Какова бы ни была погода — Макарову все равно. «Словно больно нынче паритъ, — замѣчаетъ онъ равнодушно, — видно, быть дождю»… «Сиверка задула — зайчики побѣжали», — также безстрастно говоритъ онъ и, наклонившись, старается закурить сигару, которую я только что подарилъ ему. Онъ большой охотникъ до сигаръ.

Темная, темная ночь. Ничего не видно, кромѣ неясныхъ очертаній берега, близъ котораго мы идемъ. Мрачныя тяжелыя тучи нависли и изъ нихъ падаютъ рѣдкія капли холоднаго дождя. Макаровъ не куритъ: отблескъ зажигаемой спички на нѣсколько секундъ можетъ ослабить его зрѣніе, а теперь это не годится… — «„Мономахъ“ идетъ, — замѣчаетъ какъ бы про себя Макаровъ… — Три гусявы зачалилъ…»

— Гдѣ?

— А вотъ два огня на мачтѣ… налѣво-то… Не видишь? Полѣвѣе вонъ этого куста…
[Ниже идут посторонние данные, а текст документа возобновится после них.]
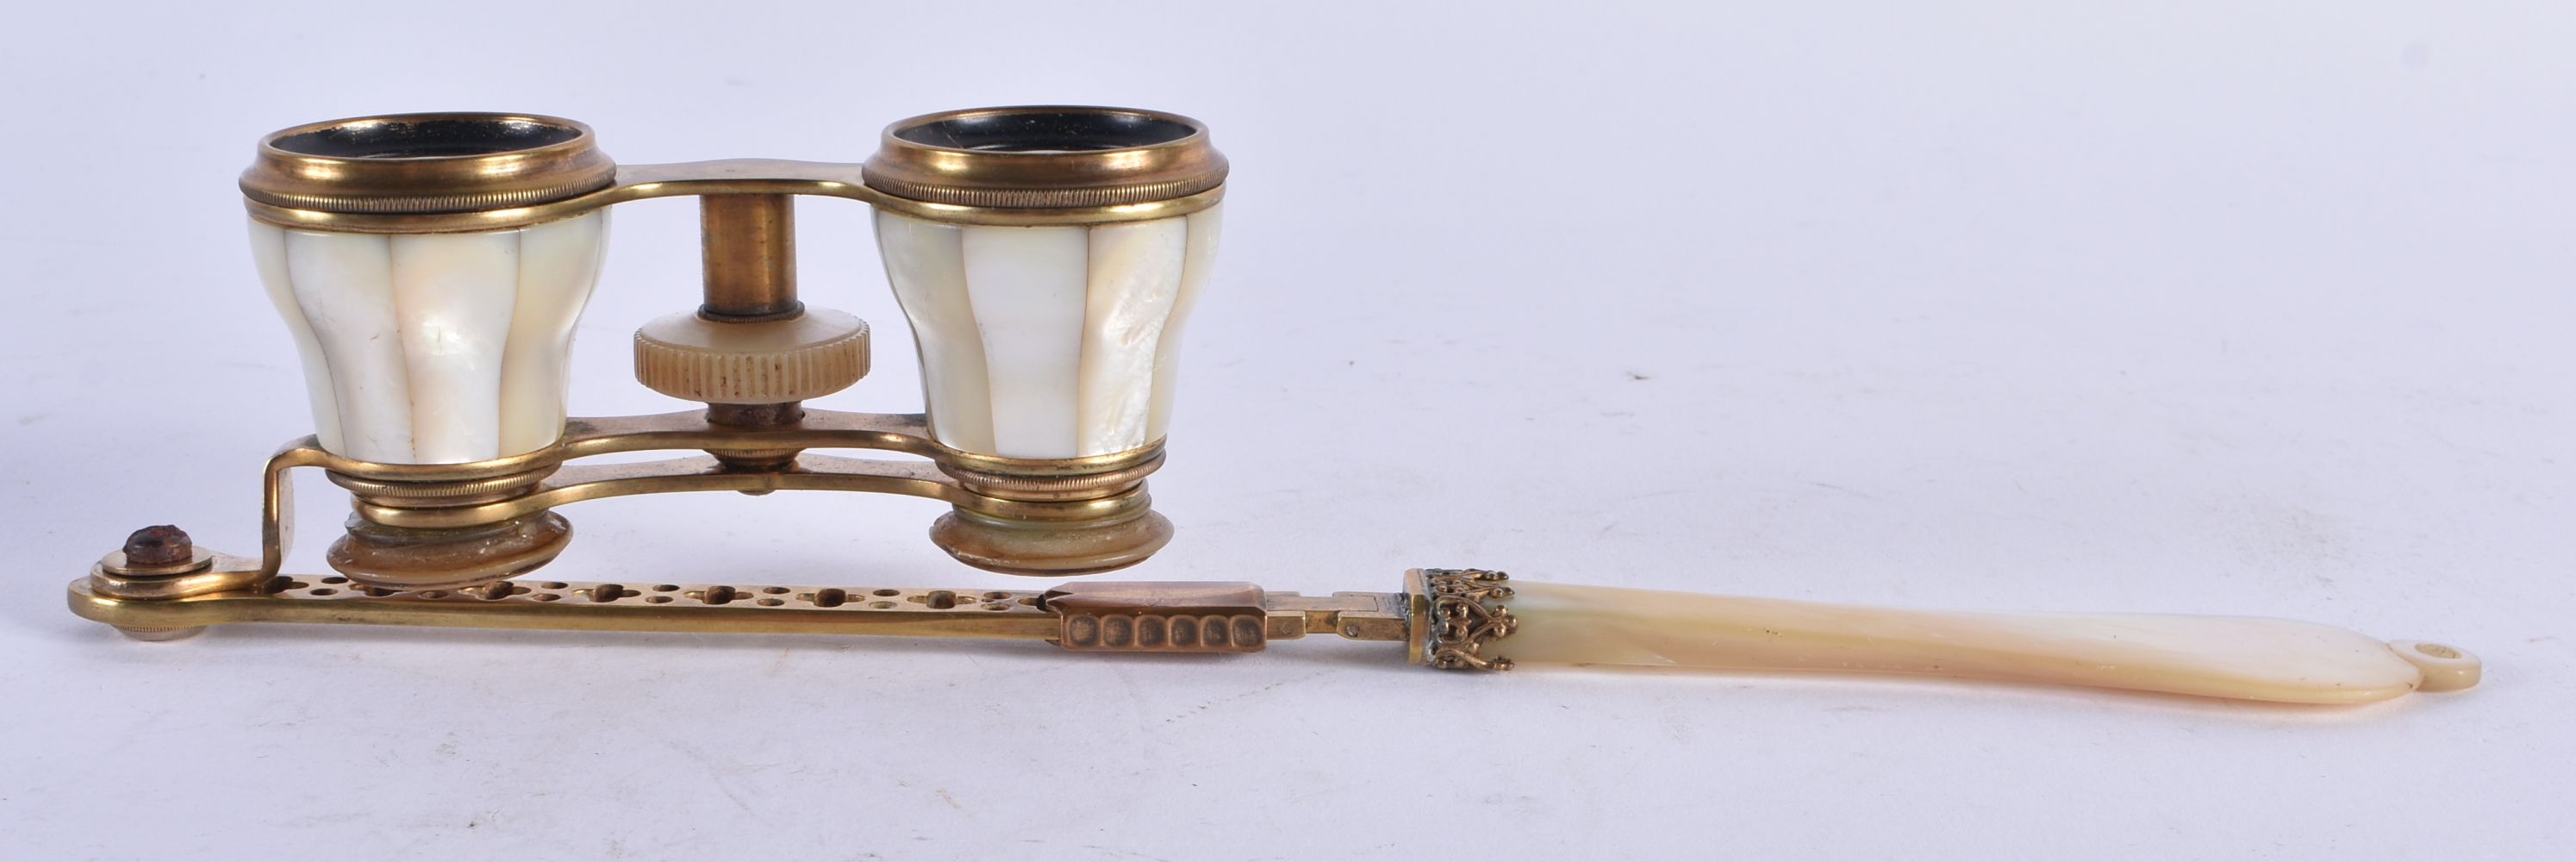 A PAIR OF MOTHER OF PEARL OPERA GLASSES. 21 cm x 8 cm. - Image 2 of 5

Ни огня, ни, тѣмъ болѣе, куста не видно; все покрыто мракомъ, который точно разлился надъ всей окрестностью… Вдали раздается сигнальный свистокъ — рѣзкій, неожиданный.

— Махни-ка ему влѣво, — приказываетъ Макаровъ штурвальному.

Проходитъ двѣ, три минуты и дѣйствительно, при нѣкоторомъ усиліи зрѣнія, даже непривычному глазу можно уже различить мачтовые огни парохода и гусянъ: онѣ, точно звѣздочки при облачномъ небѣ, мелькаютъ во мглѣ. «Средній ходъ», — командуетъ командиръ. «Зря, — бормочетъ себѣ подъ носъ Макаровъ, — гусяны-то безъ мала порожнія: не захлещешь валомъ… Давай полный», — замѣчаетъ онъ опять-таки почти про себя, такъ какъ знаетъ, что капитанъ, блюдя свой авторитетъ, не отмѣнитъ команды… «Этакъ и въ три часа до Шиловой не дошлепаешь», — ворчитъ Макаровъ.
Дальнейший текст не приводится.